I was wondering if you made any headway with Nitro. Had a similar problem with my puppy (soft poop) and spoke to the vet, which I posted about. I was about to try the vet recommendation (pumpkin and a sectioned bowl), but then also spoke with my breeder. 

She had a very different opinion from anything I've read so far. She thinks the problem is much more simple: I'm feeding way too much - puppy food is concentrated with nutrients for growth and therefore the serving size for a puppy needs to be smaller than what people commonly use. It's designed that way - smaller volumes for smaller stomachs but the right amount of nutrition. Otherwise, the puppy's system cannot handle the volume of food and can't fully process it, hence the soft poop or even poop pies.

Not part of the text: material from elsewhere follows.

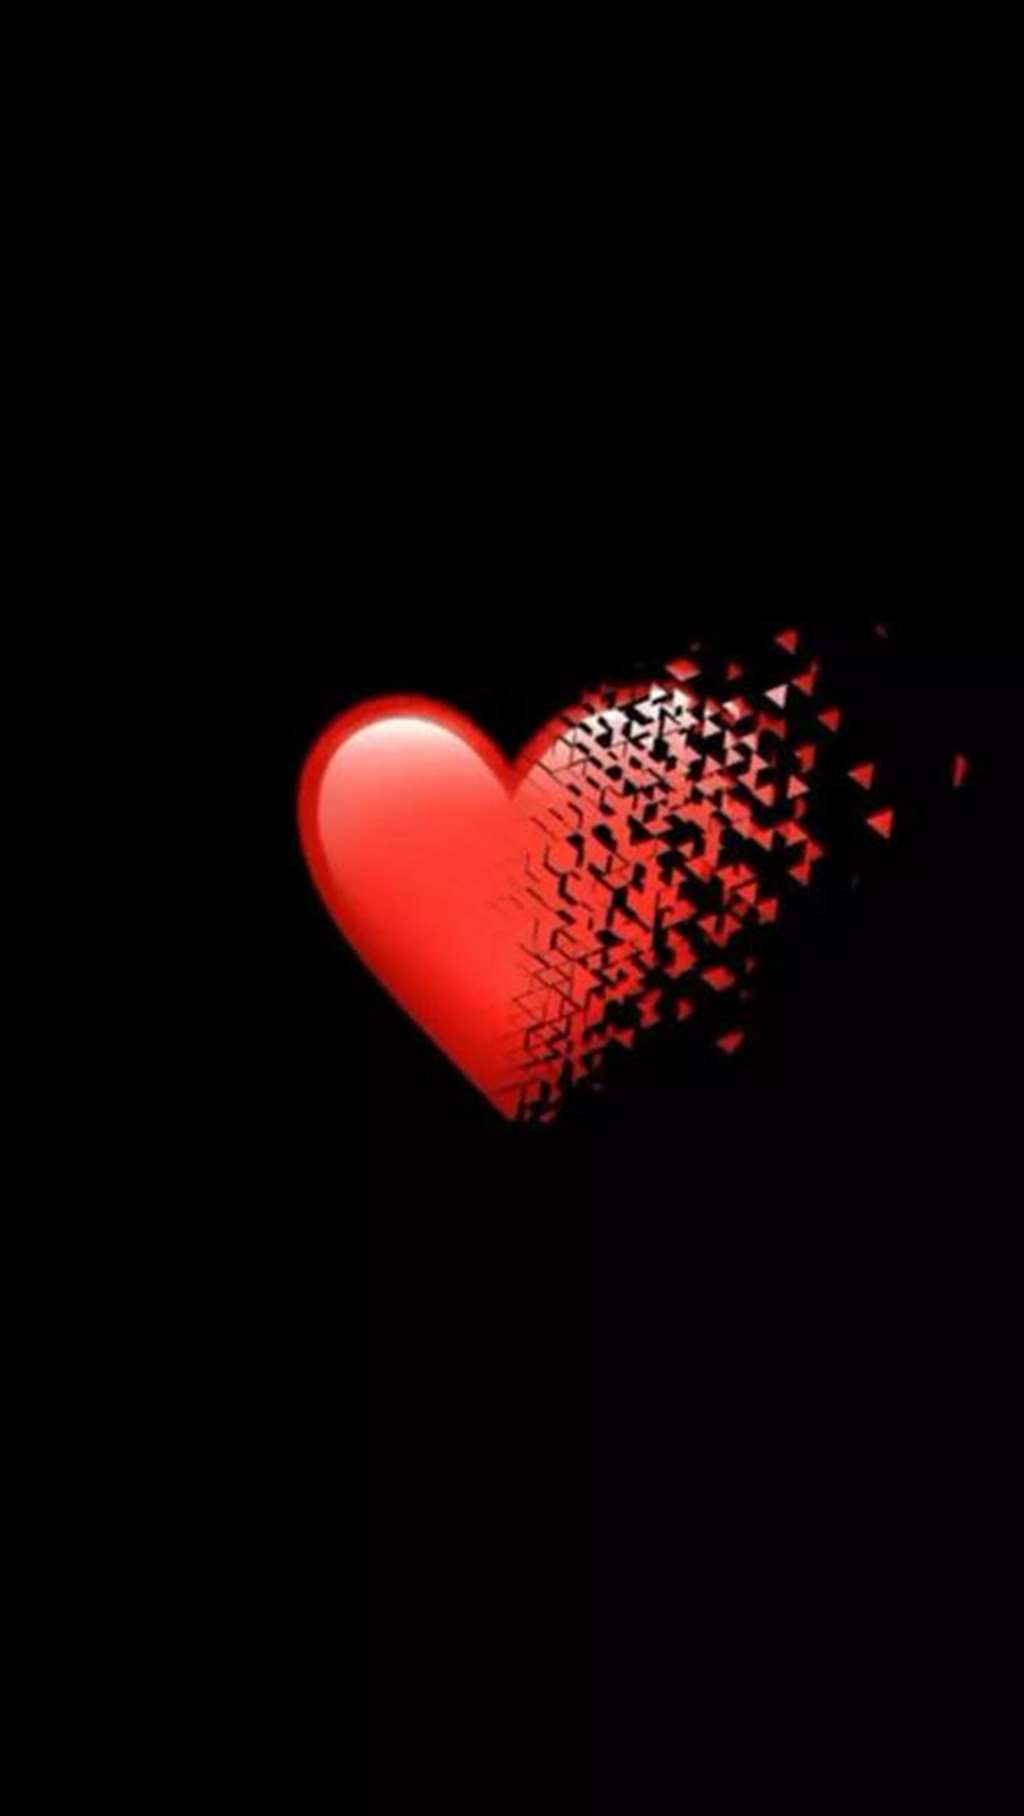 最近抖音上非常流行一套像极了爱情的心碎图片,一颗红色的心慢慢

Also, she really thinks a growing puppy _*should*_ be on the skinny side. Would grow up to live longer and healthier, etc. 

Her suggestion was to go to two feedings a day and to use a bit less food than the package says. For example, for my puppy's weight and age the bag says 2 and 1/4 a cup, she said try just 1 cup each meal, two meals a day. I also add a tiny bit of wet puppy food for smell and some plain yogurt. 

We've been on this modified plan for two full days now and miraculously, my puppy's poop went back to normal by end of Day1. Wanted to share in case you're still looking for a solution.


----------



## Aimless1

Glad you posted veifera. Over feeding was one of the items I discussed with our vet, who seemed to think we were feeding the right amount. However, it is the most logical explanation for soft stools in an otherwise healthy pup IMHO. 

I already feed twice a day. The golf balls in the food dish definitely slow him down. He now eats quickly but doesn't inhale the food. He still eats faster than the Gordon but isn't that much faster now. We're on the third feeding of the new food so too soon to know if that will be successful. The first day's results are positive, but we'll see. If the new food doesn't work then quantity will be my back up plan.


----------



## Vizsla Baby

Our V had soft, runny poops about 50% of the time until about a month ago (11 mos old). Then they just disappeared. She just turned 1. 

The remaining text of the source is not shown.